Nota: O especificador “com padrão sazonal” pode ser aplicado ao padrão de episódios depressivos maiores no transtorno depressivo maior, recorrente. A característica essencial é o início e a remissão de episódios depressivos maiores em épocas características do ano. Na maioria dos casos, os episódios iniciam no outono ou no inverno e remitem na primavera. Com menor frequência, pode haver episódios depressivos de verão recorrentes. Esse padrão de início e remissão dos episódios deve ter ocorrido durante pelo menos dois anos, sem quaisquer episódios não sazonais ocorrendo durante esse período. Além disso, os episódios depressivos sazonais devem superar em número substancial quaisquer episódios depressivos não sazonais durante o tempo de vida do indivíduo.

Este especificador não se aplica àquelas situações nas quais o padrão é mais bem explicado por estressores psicossociais ligados à estação do ano (p. ex., desemprego ou compromissos escolares sazonais). Os episódios depressivos maiores que ocorrem em um padrão sazonal frequentemente se caracterizam por diminuição da energia, hipersonia, hiperfagia, ganho de peso e avidez por carboidratos.

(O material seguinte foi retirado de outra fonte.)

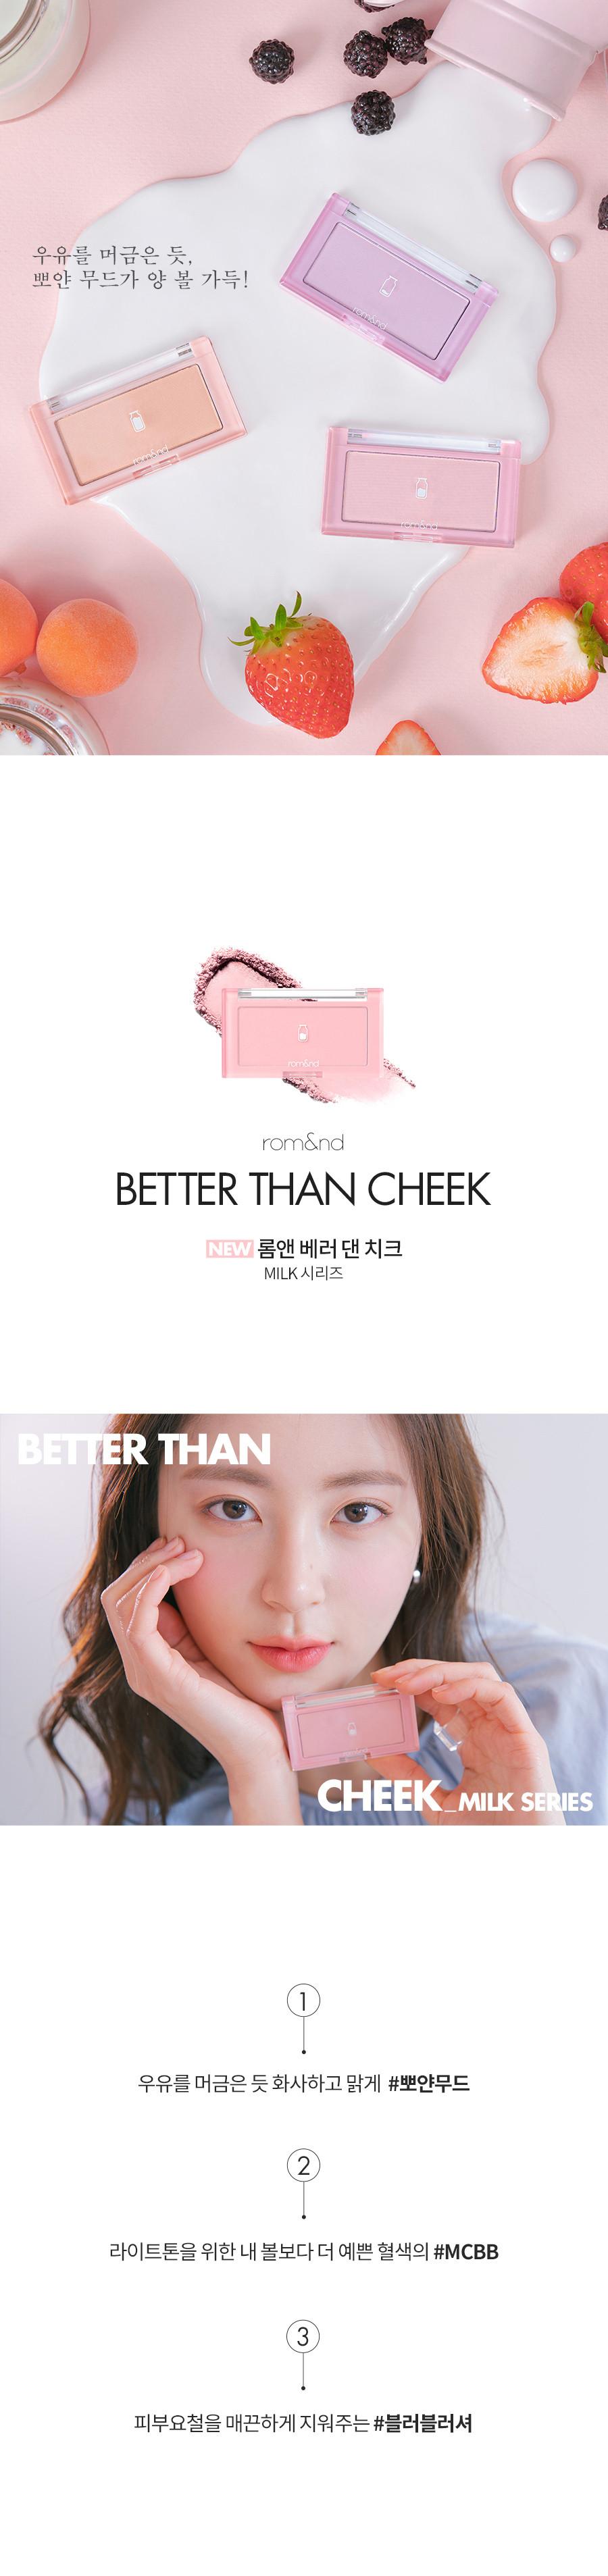 BETTER_THAN_CHEEK_1-1.jpg

A prevalência do padrão sazonal do tipo inverno parece variar com a latitude, a idade e o sexo. A prevalência aumenta com maiores latitudes. A idade também é um forte preditor de sazonalidade, estando as pessoas mais jovens em maior risco para episódios depressivos de inverno.

Especificar se:

Em remissão parcial: Presença de sintomas do episódio depressivo maior imediatamente anterior, mas não são satisfeitos todos os critérios ou existe um período de menos de dois meses sem sintomas significativos de um episódio depressivo maior após o término desse episódio.

Em remissão completa: Durante os últimos dois meses, nenhum sinal ou sintoma significativo da perturbação esteve presente.

Especificar a gravidade atual:

A gravidade está baseada no número de sintomas dos critérios, em sua gravidade e no grau de incapacitação funcional.

Leve: Caso ocorram, são poucos os sintomas presentes além daqueles necessários para fazer o diagnóstico, a intensidade dos sintomas causa sofrimento, mas é manejável, e os sintomas resultam em pouco prejuízo no funcionamento social ou profissional.

Moderada: O número de sintomas, sua intensidade e/ou o prejuízo funcional estão entre aqueles especificados para “leve” e “grave”.

Grave: O número de sintomas está substancialmente além do requerido para fazer o diagnóstico, sua intensidade causa grave sofrimento e não é manejável, e os sintomas interferem acentuadamente no funcionamento social e profissional.

Referência

AMERICAN PSYCHIATRIC ASSOCIATION. Referência Rápida aos Critérios Diagnósticos do DSM 5-TR. 5.ed. Revis. Porto Alegre: Artmed, 2023.